Answers to common questions from home cooks about this skillet.

  • Can I swap the meat? Yes — this method works well with ground turkey, chicken, or plant-based crumbles. Adjust seasoning and doneness cues, as leaner proteins brown differently and may need a touch of oil for moisture.
  • What rice works best? Long-grain rice is recommended for a fluffy texture that won’t clump. Short-grain rice will yield a stickier result; if you use it, reduce liquid slightly and monitor closely.
  • Can I make it vegetarian? Absolutely — replace the meat with a mix of mushrooms, lentils, or a plant-based ground alternative, and substitute vegetable broth for the beef broth.
  • How do I avoid mushy peppers? Slice peppers uniformly and sauté until just softened; they will finish cooking during the simmer but retain some bite if not overcooked during the initial sauté.
  • Is this recipe oven-safe? The recipe can be finished in an oven-safe skillet under a broiler for a minute to brown the cheese, but it’s not necessary. If you choose to broil, watch closely to prevent burning.

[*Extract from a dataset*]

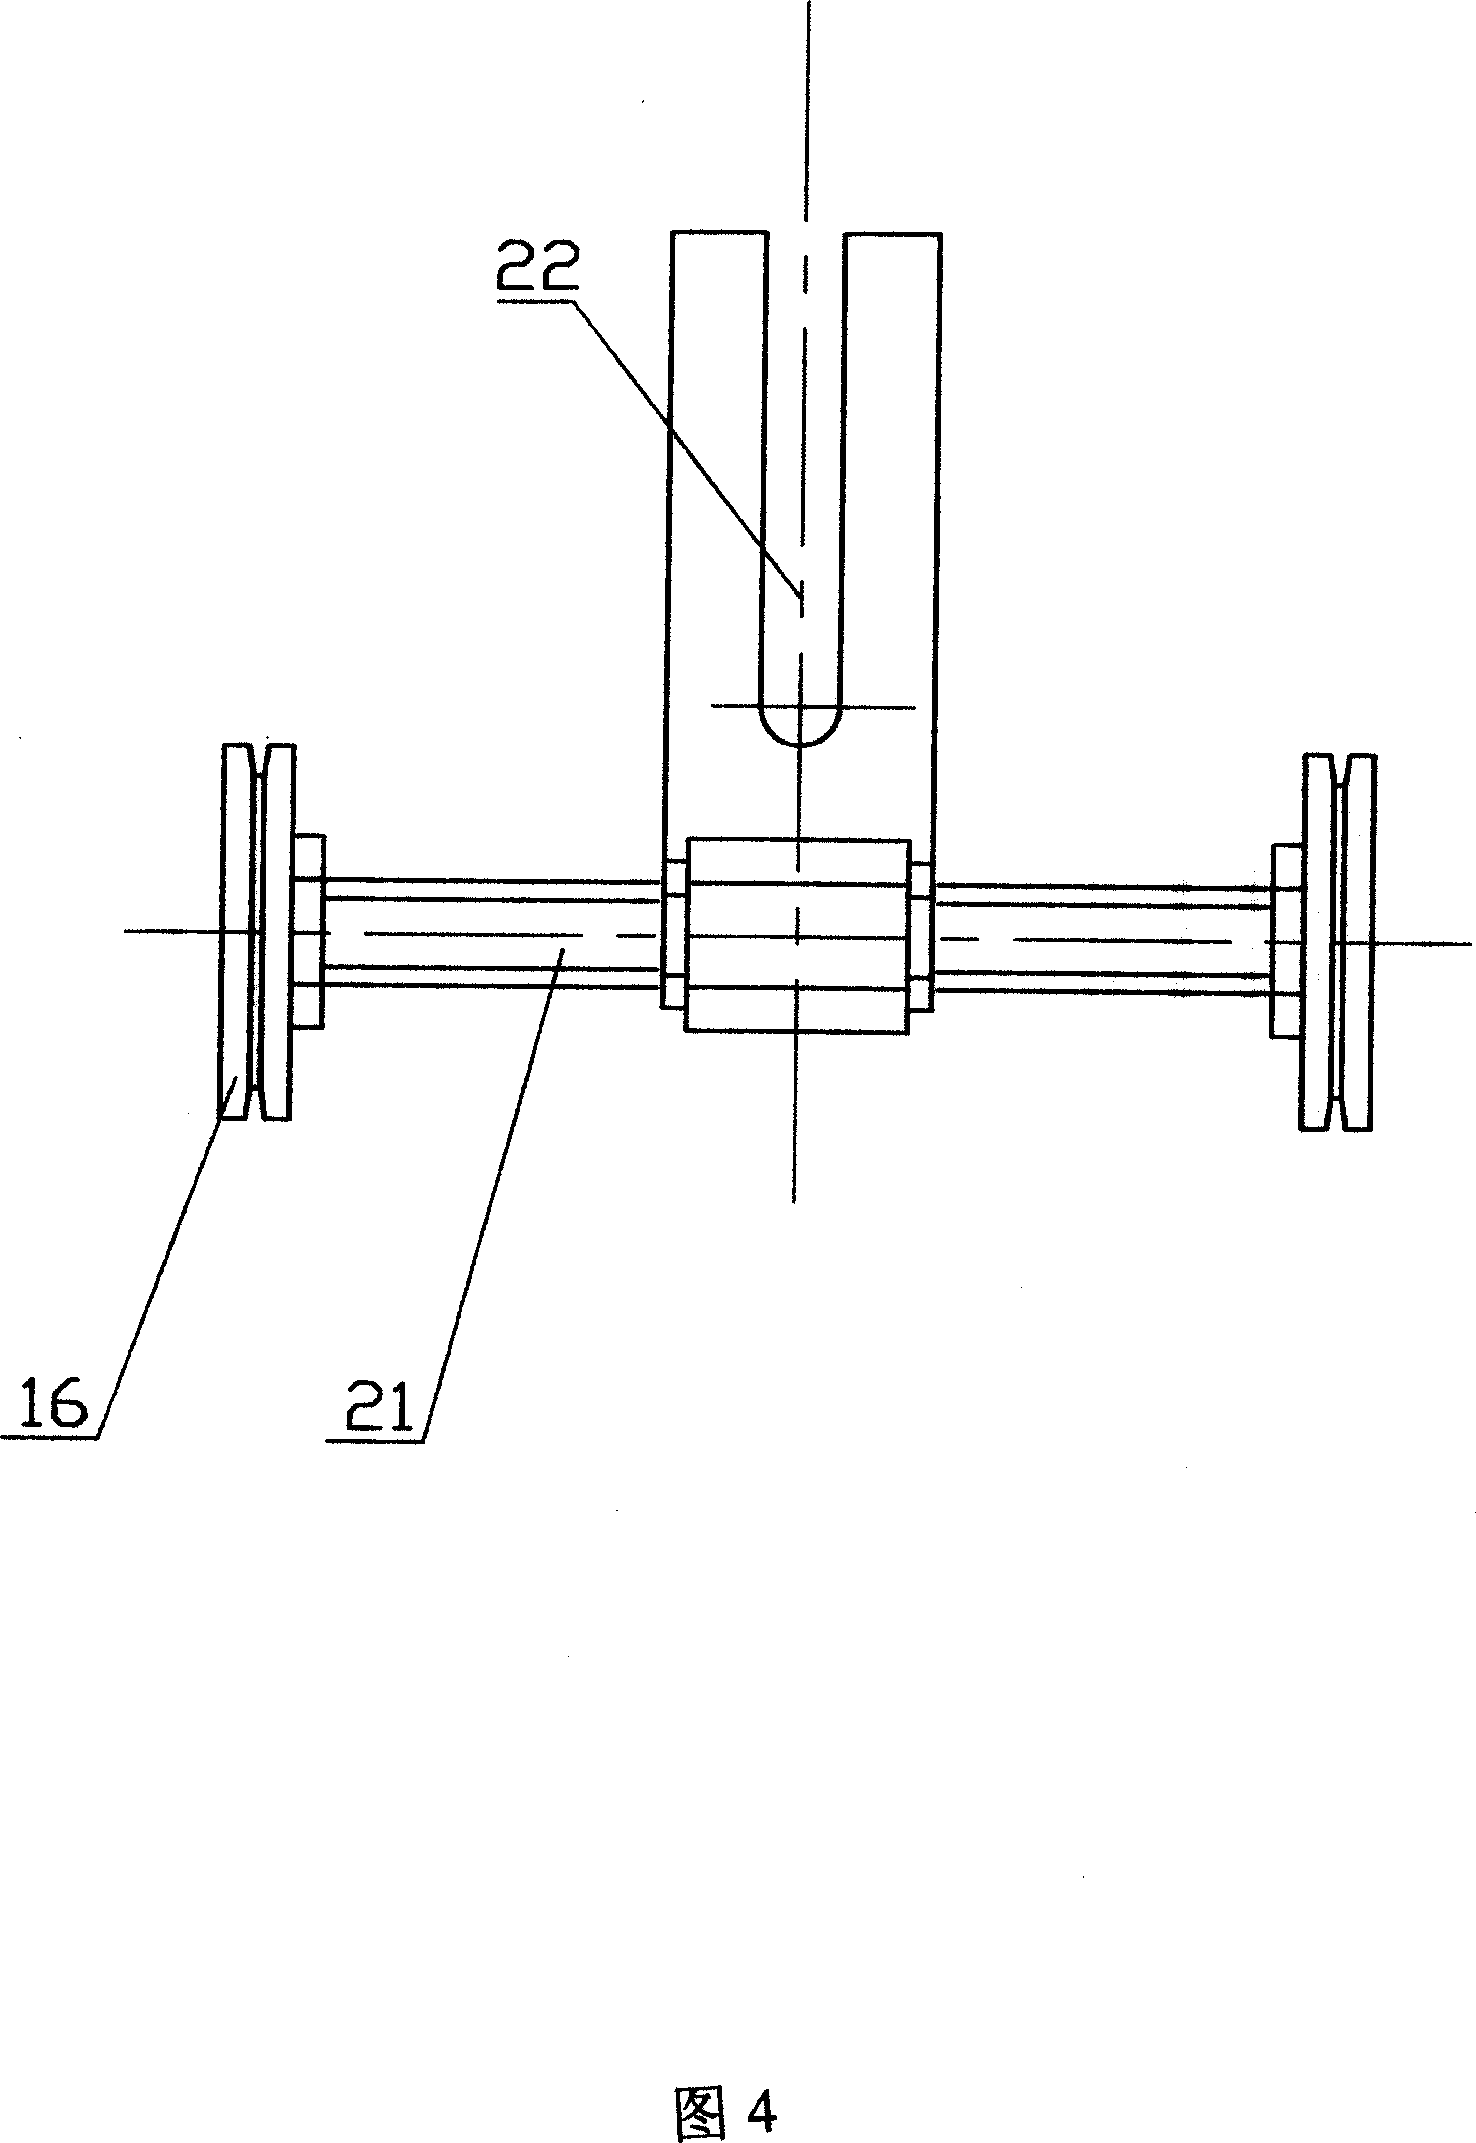 Production method of chromatic metallic yarn and spinning apparatus

If you have other questions about ingredient swaps, timing adjustments for different stoves, or ways to scale the recipe, I’m happy to help — leave a note with your pantry constraints or the equipment you’re using and I’ll suggest tailored tweaks. This final paragraph is here to remind you that small technique choices make a big difference and that I’m available to guide you through them.

Unstuffed Pepper Skillet

Unstuffed Pepper Skillet

Craving stuffed peppers but want less fuss? Try this Unstuffed Pepper Skillet: all the flavors of stuffed peppers in one pan—savory ground beef, tender rice, colorful bell peppers, and melted cheddar. Ready in about 35 minutes!

total time

35

servings

4

calories

560 kcal

ingredients

  • 1 lb (450 g) ground beef 🥩
  • 1 cup (200 g) long-grain rice 🍚
  • 3 bell peppers (mixed colors), sliced 🌶️
  • 1 medium onion, diced 🧅
  • 2 cloves garlic, minced 🧄
  • 1 can (14 oz / 400 g) diced tomatoes 🍅
  • 2 tbsp tomato paste 🍅🧴
  • 2 cups (480 ml) beef broth 🥣
  • 1 tsp smoked paprika 🌶️
  • 1 tsp dried oregano 🌿
  • Salt and pepper to taste 🧂
  • 1 cup shredded cheddar cheese 🧀
  • 2 tbsp olive oil 🫒
  • Fresh parsley, chopped for garnish 🌿

instructions

  1. Heat a large oven-safe skillet over medium-high heat and add the olive oil.
  2. Add the diced onion and sliced bell peppers; sauté 4–5 minutes until softened.
  3. Stir in the minced garlic and cook 30 seconds until fragrant.
  4. Push the vegetables to the side and add the ground beef. Brown the beef, breaking it up with a spoon, about 5–6 minutes. Season with salt, pepper, smoked paprika, and oregano.
  5. Stir the rice into the skillet to coat with the beef and veggies for 1 minute.
  6. Add the diced tomatoes, tomato paste, and beef broth. Stir well to combine and bring to a gentle boil.
  7. Reduce heat to low, cover the skillet, and simmer for 18–20 minutes, or until the rice is tender and the liquid is mostly absorbed. Stir once halfway through.
  8. Once the rice is cooked, remove from heat and sprinkle the shredded cheddar evenly over the top. Cover for 2–3 minutes to let the cheese melt.
  9. Garnish with chopped parsley, adjust seasoning if needed, and serve hot straight from the skillet.